Sometimes, though, it feels like I'm being forced through this. I don't need to spend *all* my energy on this path, right? I should have some for myself. And yet whenever I think I might be given a little bit more of a release valve, I get smacked down again. Sorry. That's not allowed. Go back to what you were doing.
I mean, sheesh, it's not even subtle now.
I definitely can't use this journal for my Writing About Games. I need this one to write in for me, once in a while. I guess I'm not entirely past the Emo stage. Maybe I should post some Nickelback lyrics.
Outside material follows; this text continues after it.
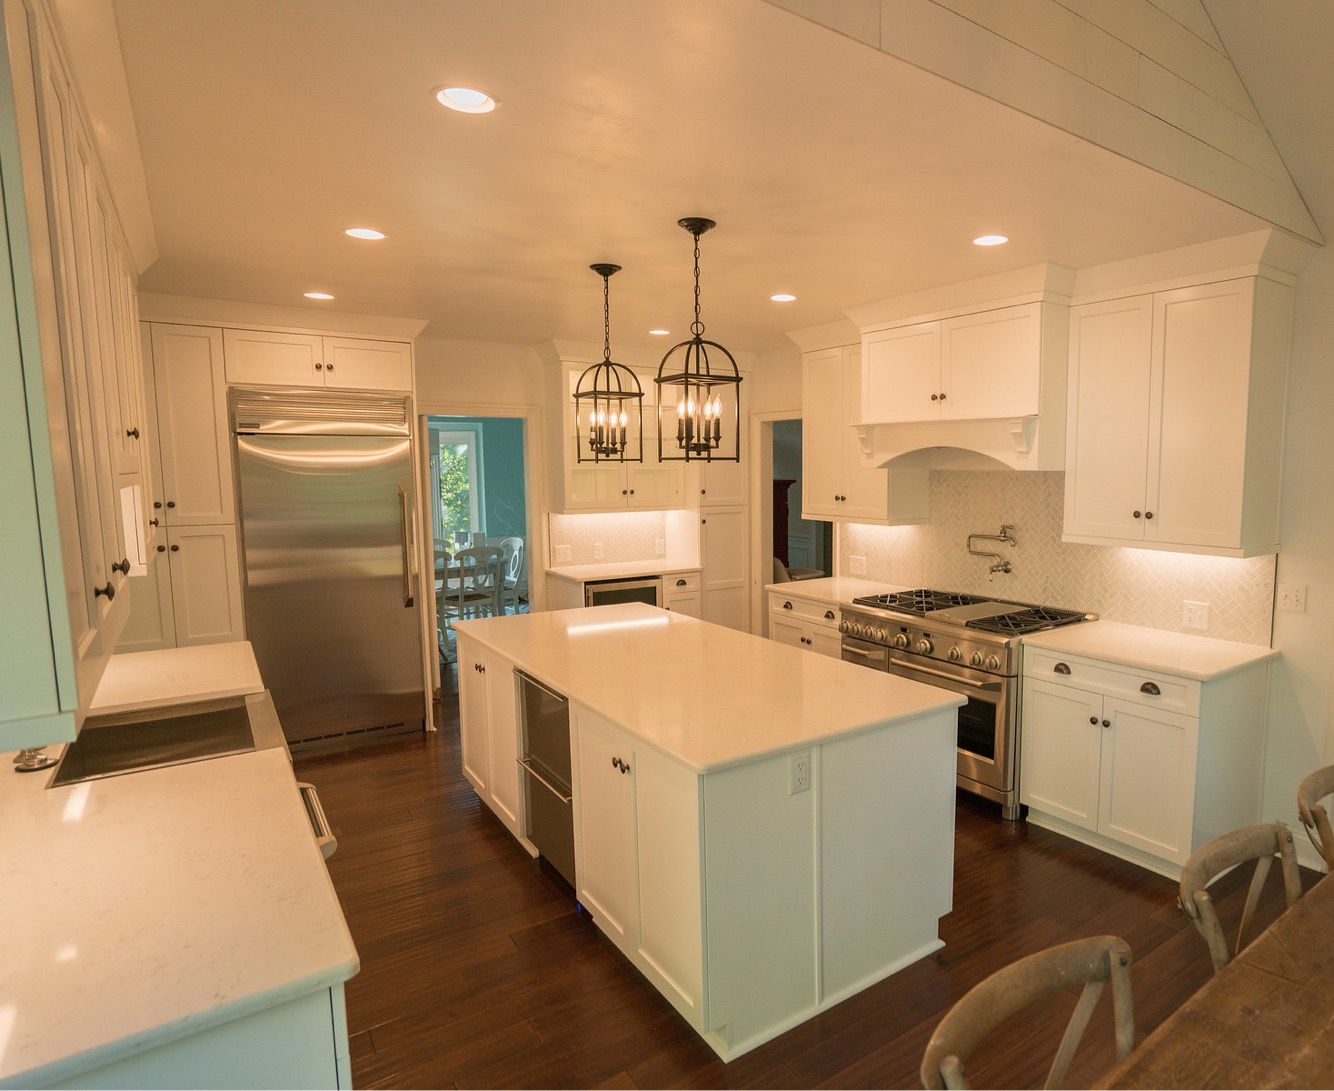 Classic whit kitchen, white wall and base cabinets, white countertop island, brown floor tiles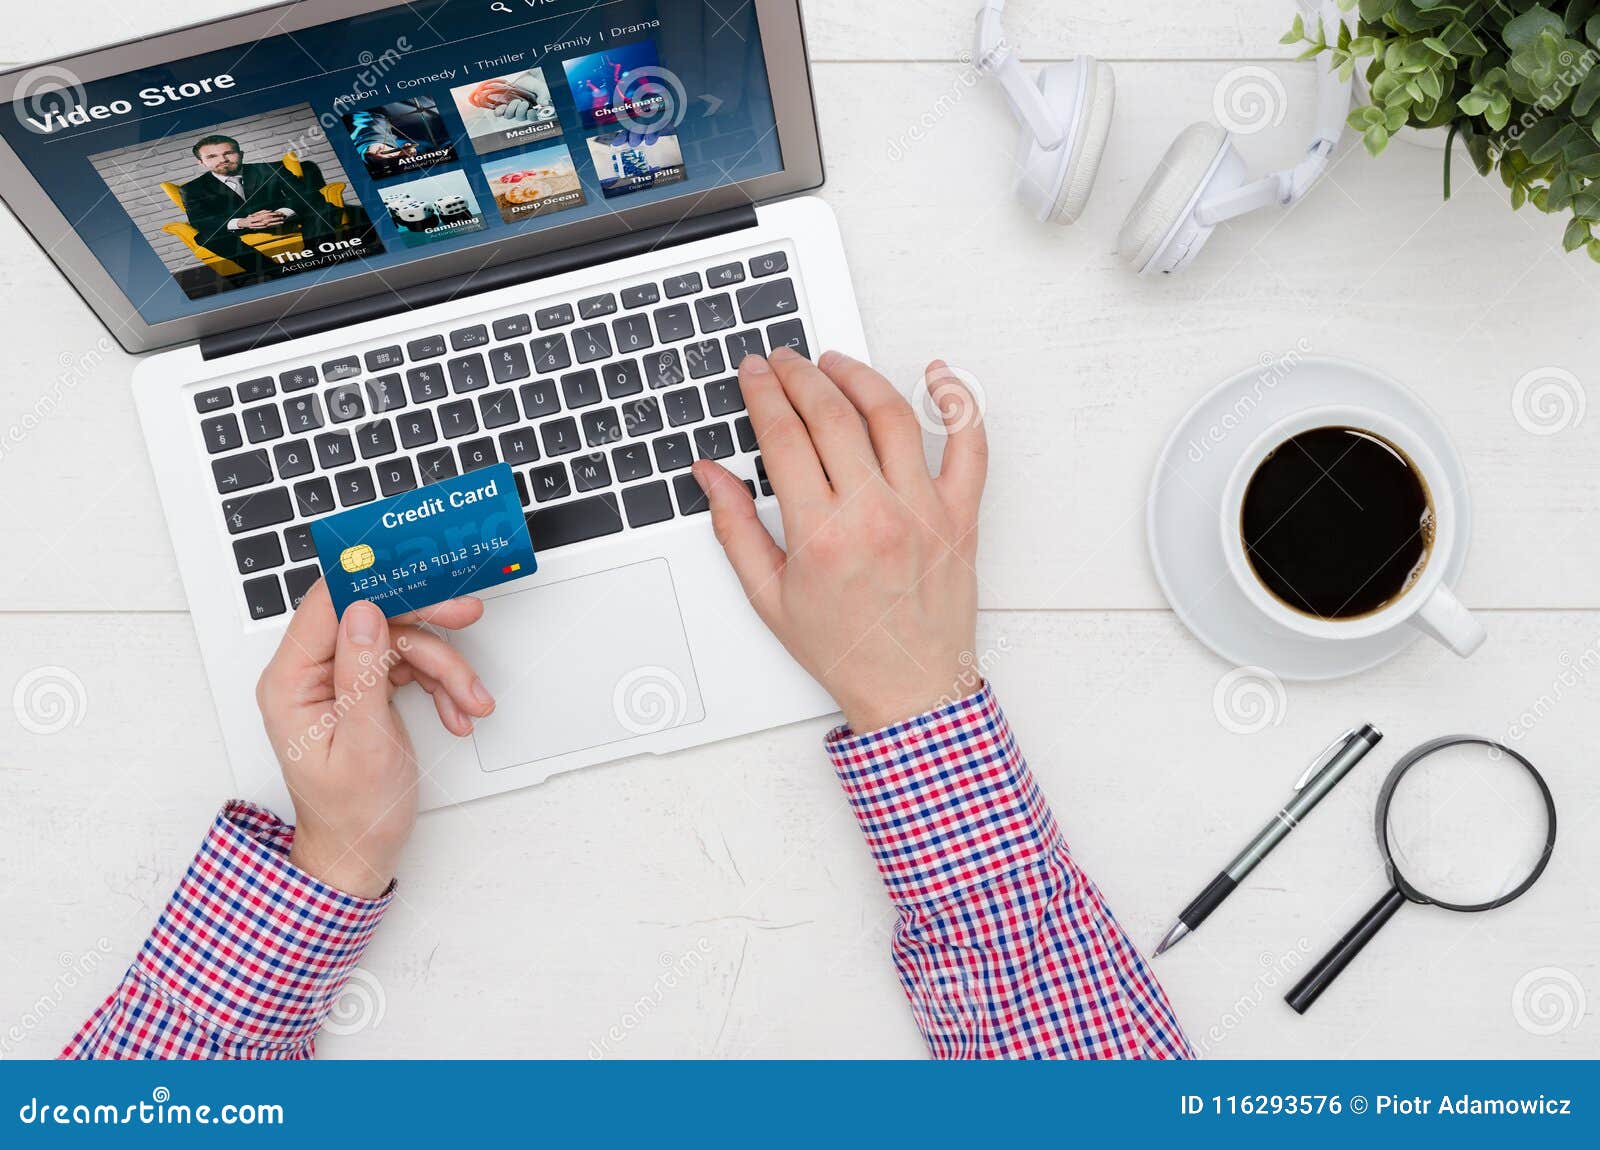 Man Using Credit Card To Pay for Video on Demand Service Stock Photo

The problem with being me is that you're always tripleguessing yourself. Why am I doing this? Why am I saying this? Am I being too vague, or not vague enough? Am I trying to manipulate people? Should I stop?
I'm not looking for anything when I post like this. I mean, I realize that's a classic way of saying "please pay attention to me", but it's honestly true. It's just a way of getting stuff that I don't want in my head out of my head. It's close to the only release valve I've got, and once in a while I just need to unravel some of the worst tangles and put them here. (How's that for a mixed metaphor.)
I'm doing pretty damn well overall, though. I don't need this often, and not nearly as badly as I used to. I guess, for me at least, that's something to be proud of.
We now return you to your regular programming.